Tag Archives: Lorenzo James Henrie

A review of the Season 2 premiere of “Fear the Walking Dead.”

[THIS REVIEW CONTAINS SPOILERS FOR SEASON 1 OF “FEAR THE WALKING DEAD.”]  “Fear the Walking Dead” has done something interesting.  It’s taken two truly reprehensible characters, and made them the most attractive among an ensemble of protagonists in a survival-horror story.

I’m talking about Victor Strand and the young, troubled, drug-addicted Nick, who I’ve been reluctantly but undeniably rooting for since the closing episodes of last season.  They’re both expertly played, by Colman Domingo and Frank Dillane, respectively.  Colman is actually amazing: his deep voice and perfect line delivery should make him a leading man here or elsewhere, either as a hero or a villain.  In just a couple of episodes, he’s easily become one of the best things about the show.

But these aren’t “good guys.”  Or, at least I don’t think they are.  Are they?  Strand is openly a sociopath, and doesn’t even bother to hide it.  He appears to act nobly in rescuing the group.  But as Ruben Blades’ character, Salazar, shrewdly observes, he is almost certainly acting somehow according to his own self-interests.  (And Salazar has been right about these kinds of things so far.)

As for Nick?  No, I am definitely not judging the character about his addiction to illegal drugs.  That would make him a flawed protagonist, not a bad guy.  I’m talking about his demonstrated willingness in Season 1 to victimize the helpless in order to feed that addiction — he does nothing less than kill a sick, elderly man in order to get his “fix.”  (I did understand that scene, didn’t I?)

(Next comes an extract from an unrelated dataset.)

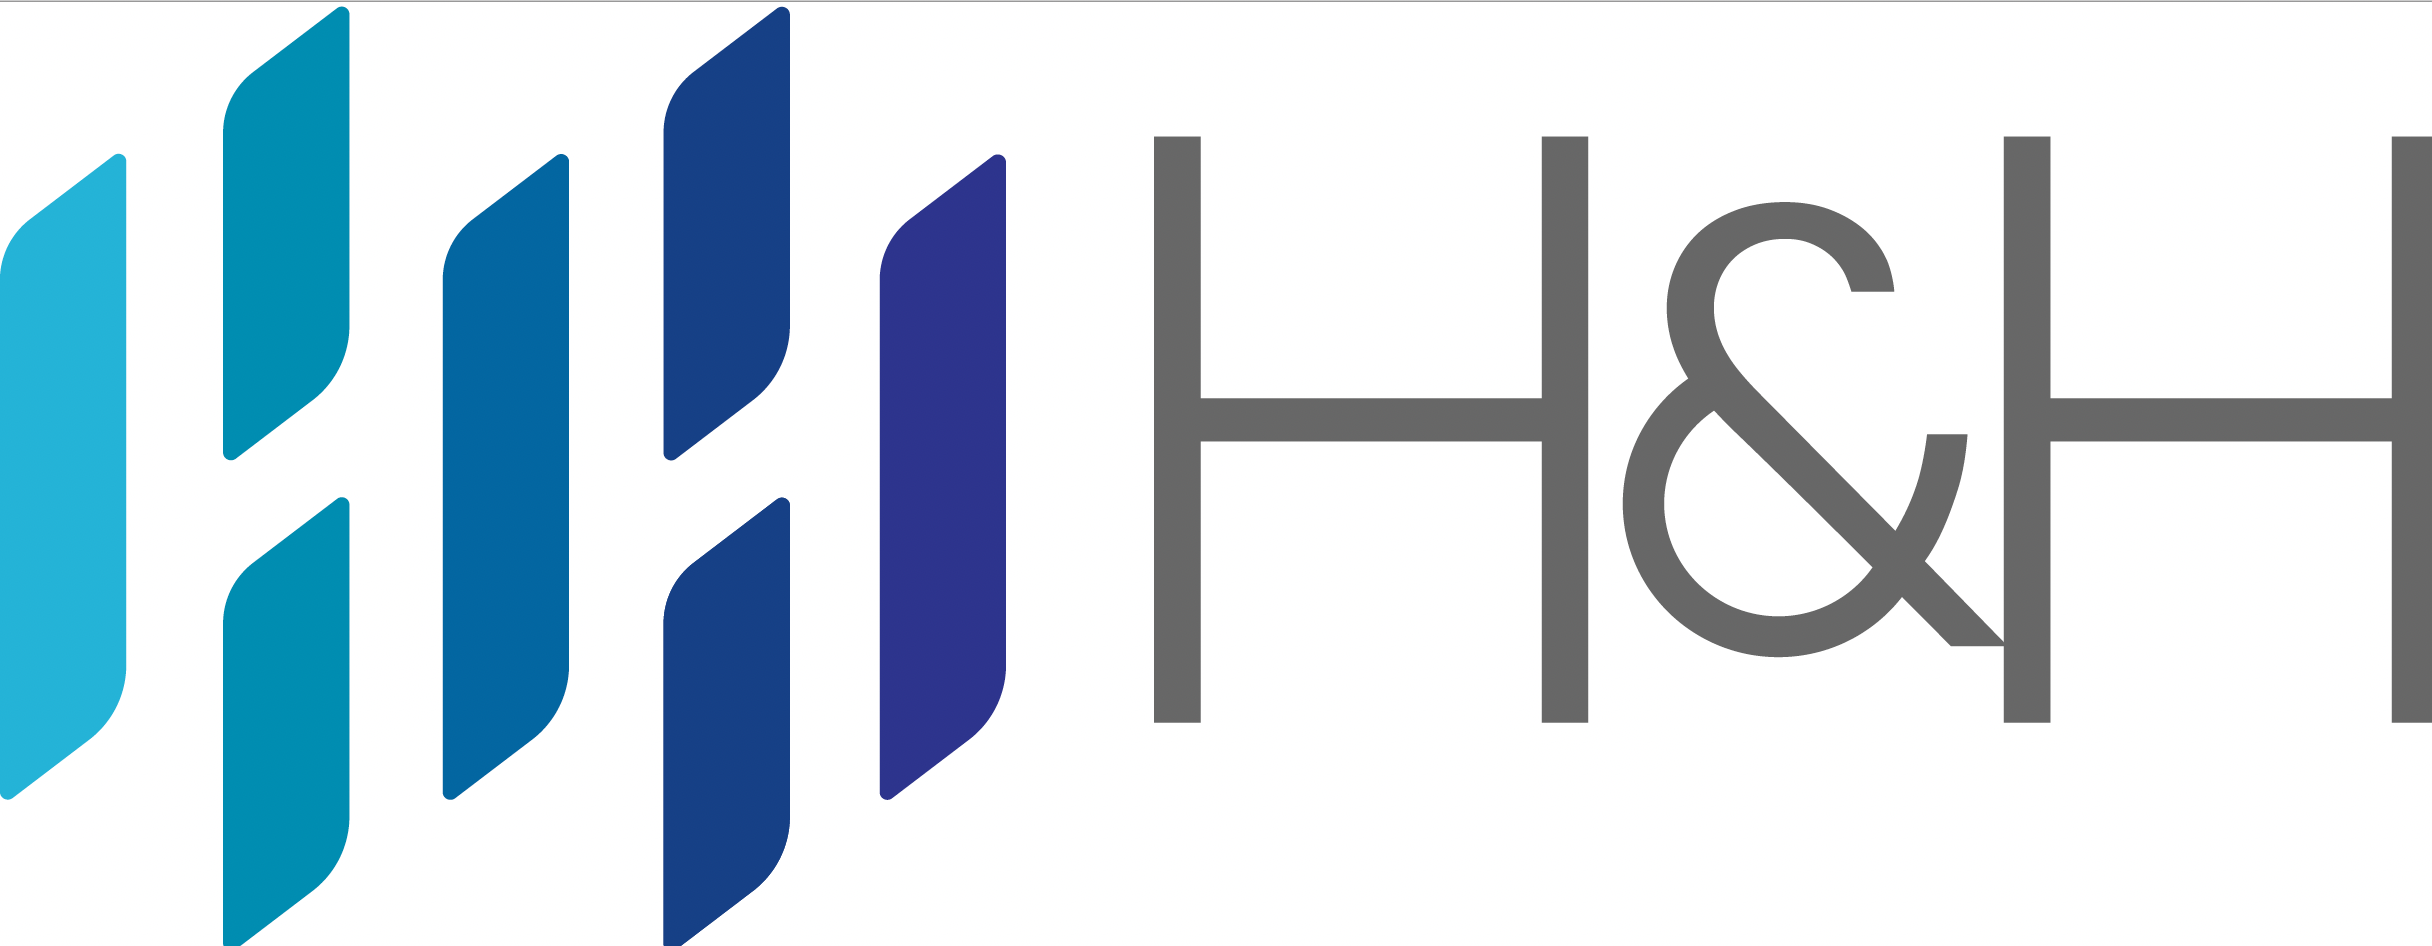 hardesty and hanover llc logo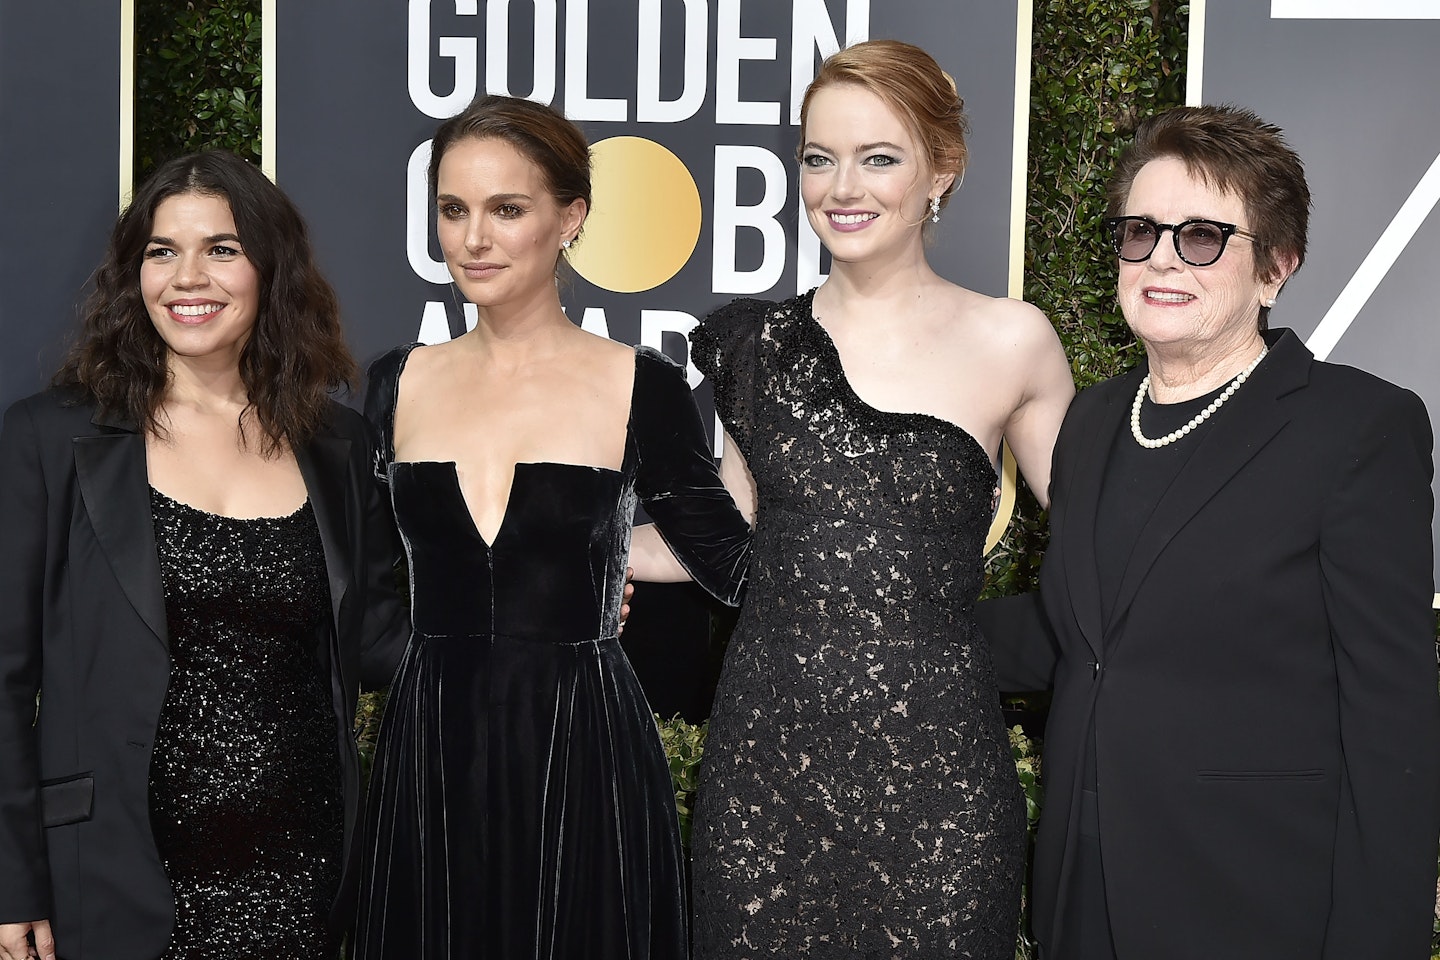 America Ferrera, Natalie Portman, Emma Stone and Billie Jean King

And what about Salazar himself?  He is easily the third most interesting character to me, and he’s perfectly portrayed by Blades.  I want him to survive this show’s zombie apocalypse, simply because I enjoy watching him so much.  He’s a former torturer for the El Salvadoran junta.  That’s … that’s pretty much as bad as you can get, isn’t it?  And this isn’t a character aspect that the viewer can easily put aside, as audiences did with the character of Sayid on “Lost.”  (He was a past torturer with Saddam Hussein’s Republican Guard.)  Salazar’s deplorable skills are front and center at the end of the show’s first season, driving the plot.)

There’s nothing pathological about my attraction to these characters.  (And I’m sure it’s shared by other viewers.)  It’s just that these are creatively conceived characters on a show that seems to bungle its efforts to create anything resembling or interesting likable good guys.  The remaining protagonists of “Fear the Walking Dead” are written to be utterly bland, even when they are very well portrayed by their actors.  Travis (Cliff Curtis) is a one-note altruist.  Madison (Kim Dickens) shows promise, but isn’t yet that interesting to watch.  Alycia (Alycia Debnam-Carey) is a boring nice-girl.  Ofelia (Mercedes Mason) is so forgettable that I can’t really remember how to describe her as I write this.

The worst offender, by far, though, is the character of Chris.  I can’t imagine how dreadful a job it must be for actor Lorenzo James Henrie to play him.  He’s an utterly punchable brat — an entitled, immature, self-absorbed teenager that makes you root for any zombies that pursuing him.  I can’t imagine the show’s writers created him to be sympathetic … surely they must be setting him up as zombie fodder.

All told, though, the Season 2 opener last Sunday was good stuff.  I’d rate it an 8 out of 10.  Fans who were frustrated with Season 1’s slow pace (I wasn’t) will be pleased to discover that the show opens with an action sequence and a pretty skilled depiction of the destruction of Los Angeles.  No, the show doesn’t have the same special effects budget as a major feature film.  But this was still impressive — we get to see some of the destruction and mayhem that’s only been alluded to or briefly, limitedly portrayed via flashback throughout six years of “The Walking Dead.”  (Remember the faraway shots of the bombing of Atlanta?)

The suspense is also quite good.  I can’t really say much more for fear of spoilers.  But I thought it was well written and intelligent, and I think it will please even seasoned fans of the zombie horror sub-genre.

This was pretty decent stuff.  I think Season 2 should be a fun ride.